Sami zainteresowani postanowili odnieść się do wyraźnie wyczuwalnej niechęci ze strony ekipy "Tańca z Gwiazdami". Rogacewicz zamieścił nawet osobny wpis, w którym stwierdził, że wspólnie z Kaczorowską stali się ofiarami hejtu. Jak przyznał, przez cały czas trwania programu milczał, "patrząc na to wszystko, co się dzieje od środka".
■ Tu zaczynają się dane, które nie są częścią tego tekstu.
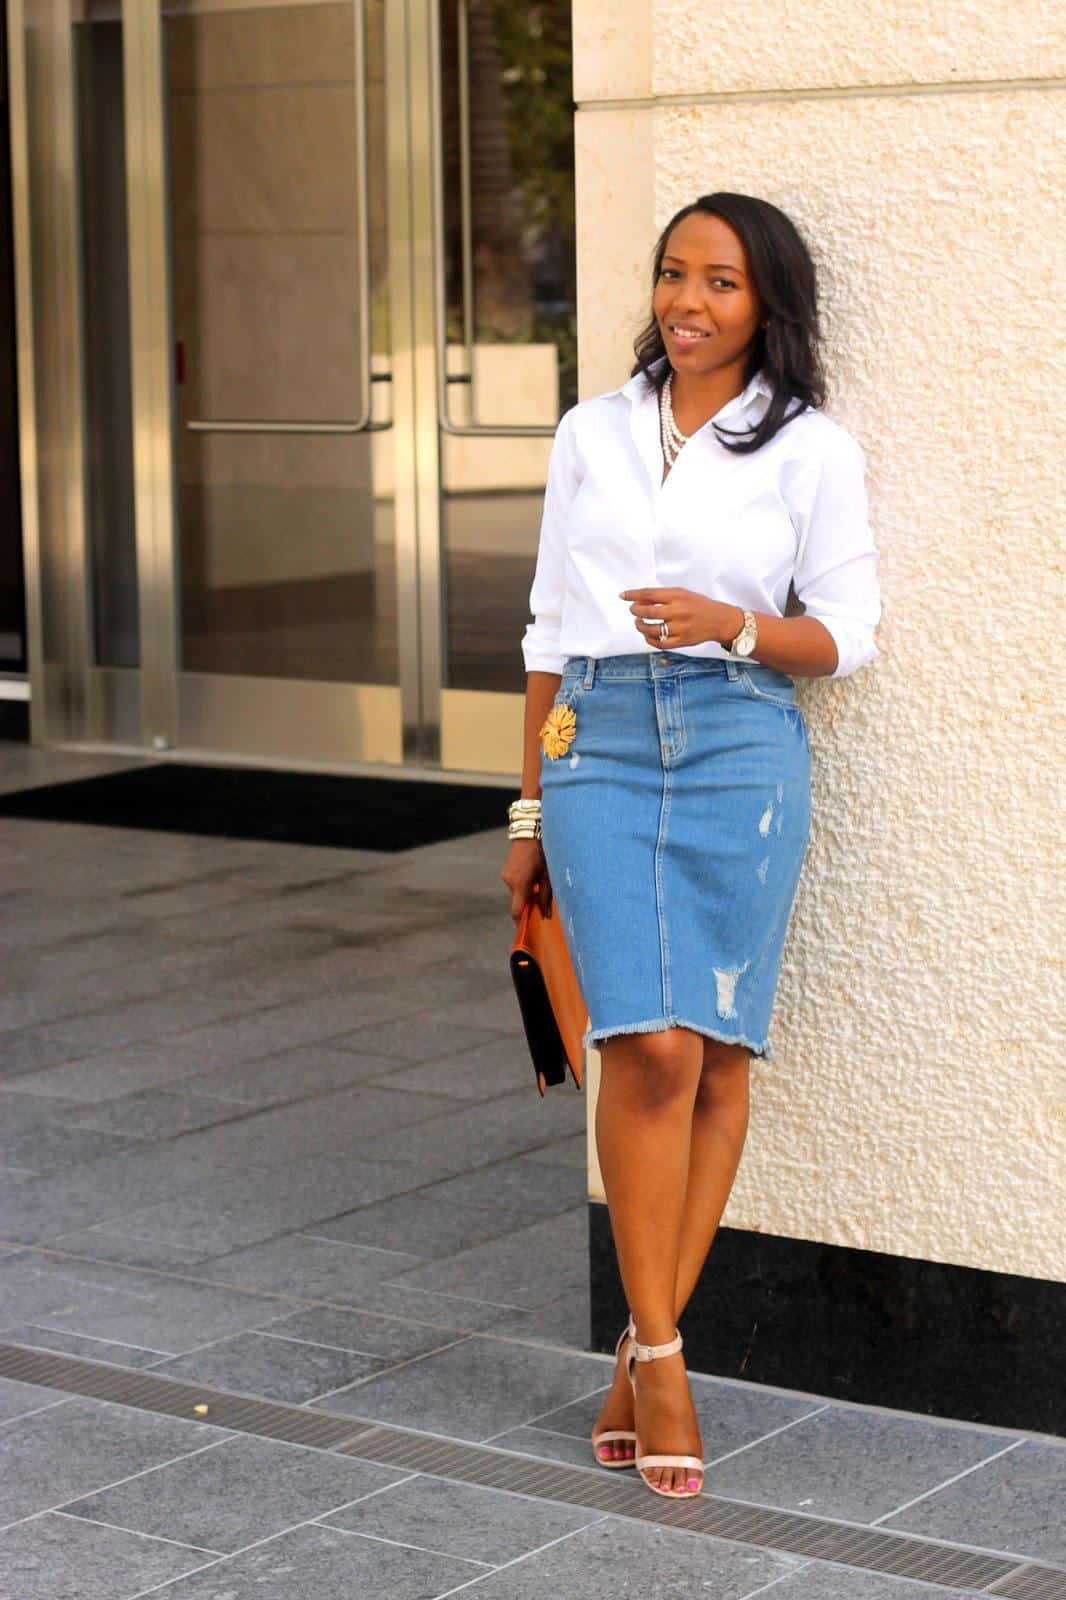 Best Work Outfits for African Women - 25 Professional Looks
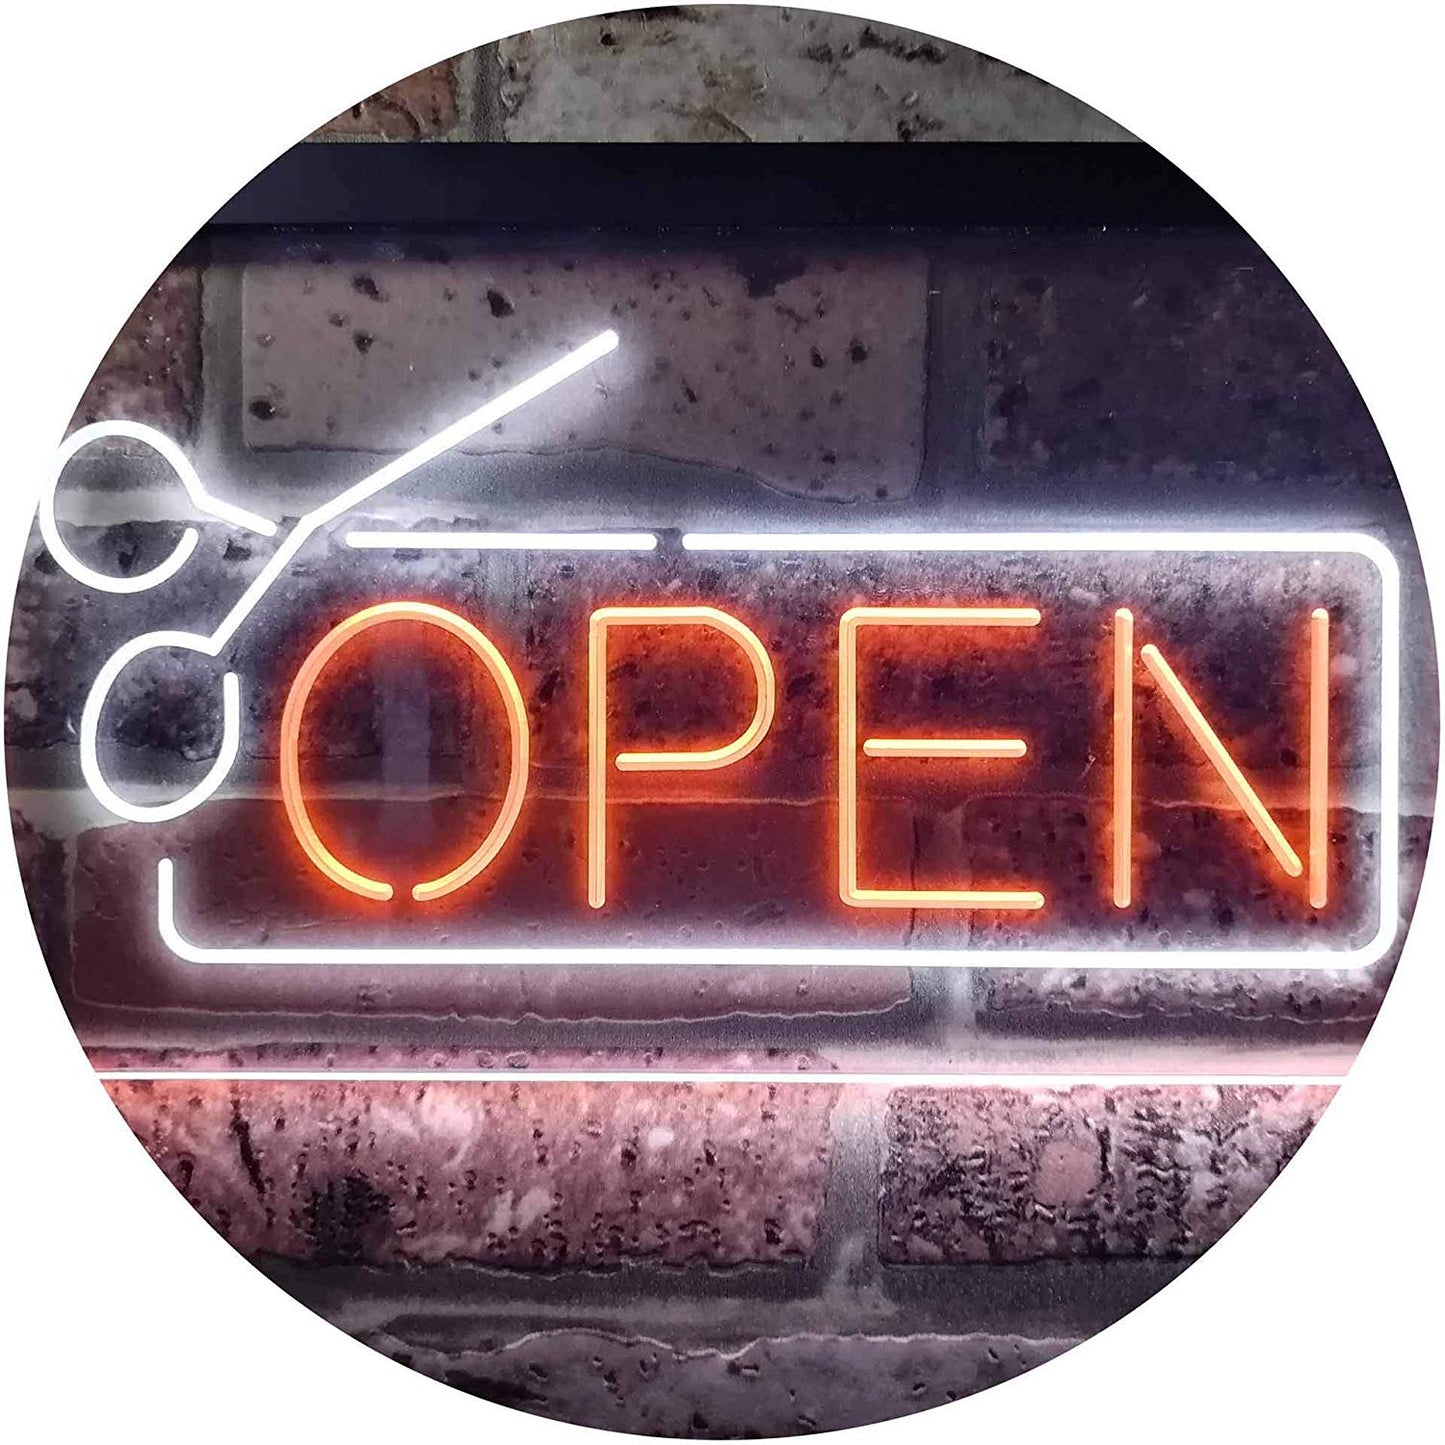 Scissors Open Barber Salon Hair Cuts LED Neon Light Sign - Way Up Gifts

Jesteście świadkami nieprawdopodobnego, jawnego już hejtu z imienia i nazwiska przeciwko nam, hejtu wśród uczestników i tancerzy tej "wyjątkowej, jubileuszowej" edycji. Do tej pory nie mogę w to uwierzyć, co zobaczyłem i usłyszałem! Poza tym, co zostało wypowiedziane, mowa ciała mówi już wszystko. Brakuje mi słów, by opisać uczucie, którego doświadczyłem, widząc, co robią "koleżanki i koledzy"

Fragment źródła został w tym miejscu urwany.